On the CE front, SCIEX has introduced in 2021 a new system that allows for much higher throughput analysis. “The BioPhase 8800 system leverages a new cartridge that allows parallel processing of eight different CE samples (same or different molecules) simultaneously using CE-SDS and/or cIEF with UV or LIF detection, providing all the advantages of CE while delivering consistent, accurate results so that more samples can be analyzed in less time,” Darling explains.
Importantly, methods developed for SCIEX’s widely used PA 800 system can be transferred to the BioPhase 8800, avoiding any need to do bridging studies as projects move to late-stage development and commercialization. “That can save weeks to months of time,” Darling says. “In addition,” she emphasizes, “companies can rapidly perform design-of-experiment studies to quickly optimize both assays and manufacturing processes.”
More complex molecules and the need to perform more orthogonal analyses means that more samples must be prepared and much larger data sets are generated that must be analyzed. Automation of both of these aspects of multispecific analysis is becoming another crucial strategy for speeding up the development process. “Biopharma companies are looking for any opportunities to remove unnecessary manual processing, whether with respect to sample preparation or data processing,” comments Darling. That includes investing in more specific software products, many of which leverage artificial intelligence and machine learning, to help with data integration.
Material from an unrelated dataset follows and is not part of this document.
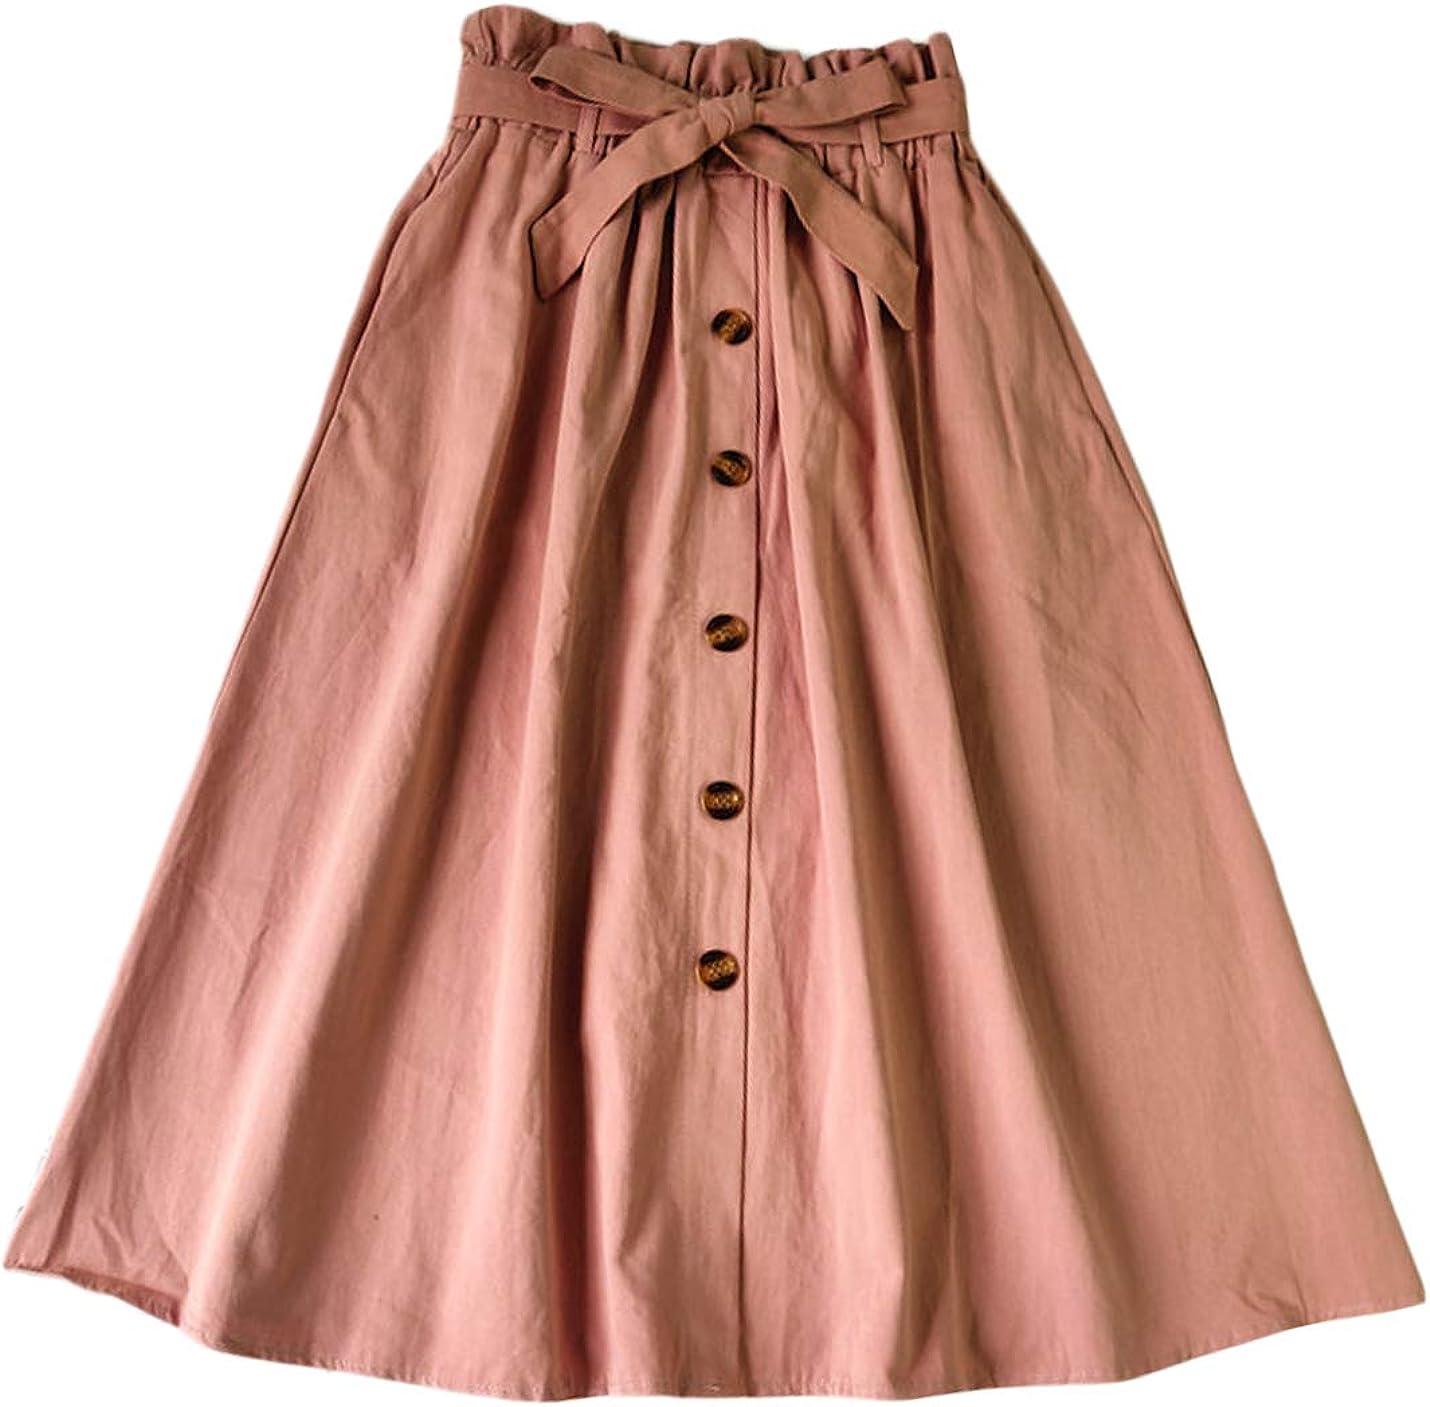 Jenkoon Women's Summer Elastic Waist Button Up Skirt Casual Pleated Skirt with Belt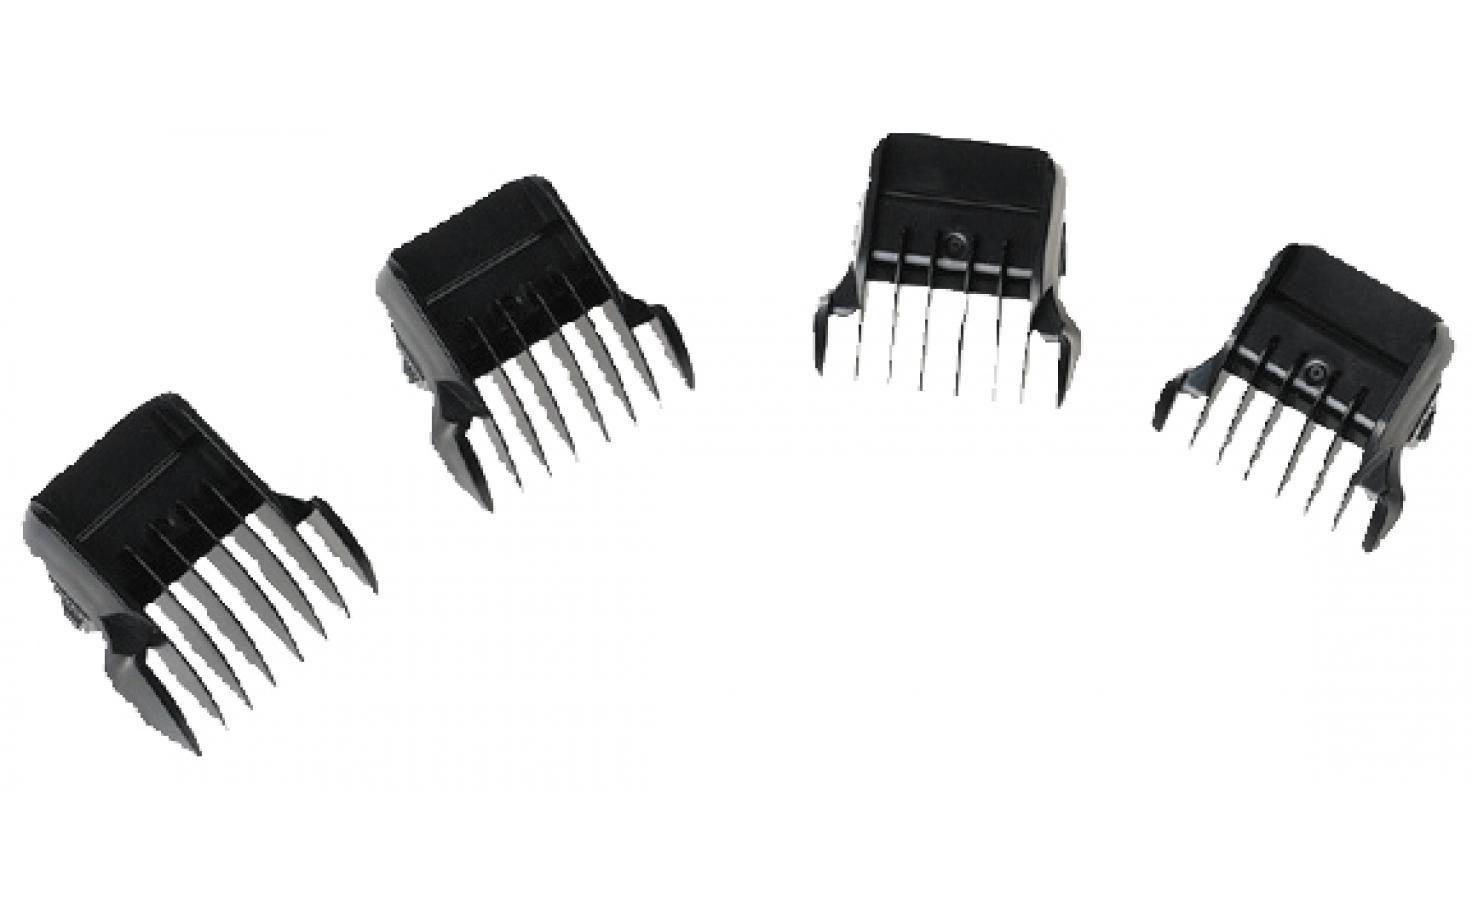 Tondeo ECO-Black M Aufsteckkammset 3,6,9,12 mm

While standardizing assays for multispecifics is not possible given the unique nature of each of these biologics, automation of sample preparation and data acquisition and analysis can help simplify these solutions, Darling insists. High-throughput data analysis platforms, agrees Graham, are critical to the deployment of newer analytical methods for multispecifics into process development, because otherwise the data analysis time quickly dominates the overall time to result.
The challenges associated with multispecific analysis, while real, are not so great that the bioanalytical experts with experience in biologics development cannot manage them. “Multispecific analysis is definitely an interesting field, but it should not be considered a major risk,” Graham asserts. “Rather, analytical development for these complex biomolecules should be approached with a structured but flexible workflow combined with a good understanding of each molecule’s chemistry,” he concludes. Having multiple answers on hand for multiple multispecifics works!
Cynthia A. Challener, PhD, is a contributing editor to BioPharm International.
Vol. 35, No. 1
When referring to this article, please cite it as C. A. Challener, “Multiple Challenges to Multispecific Analysis,” BioPharm International 35 (1) 32–37 (2022).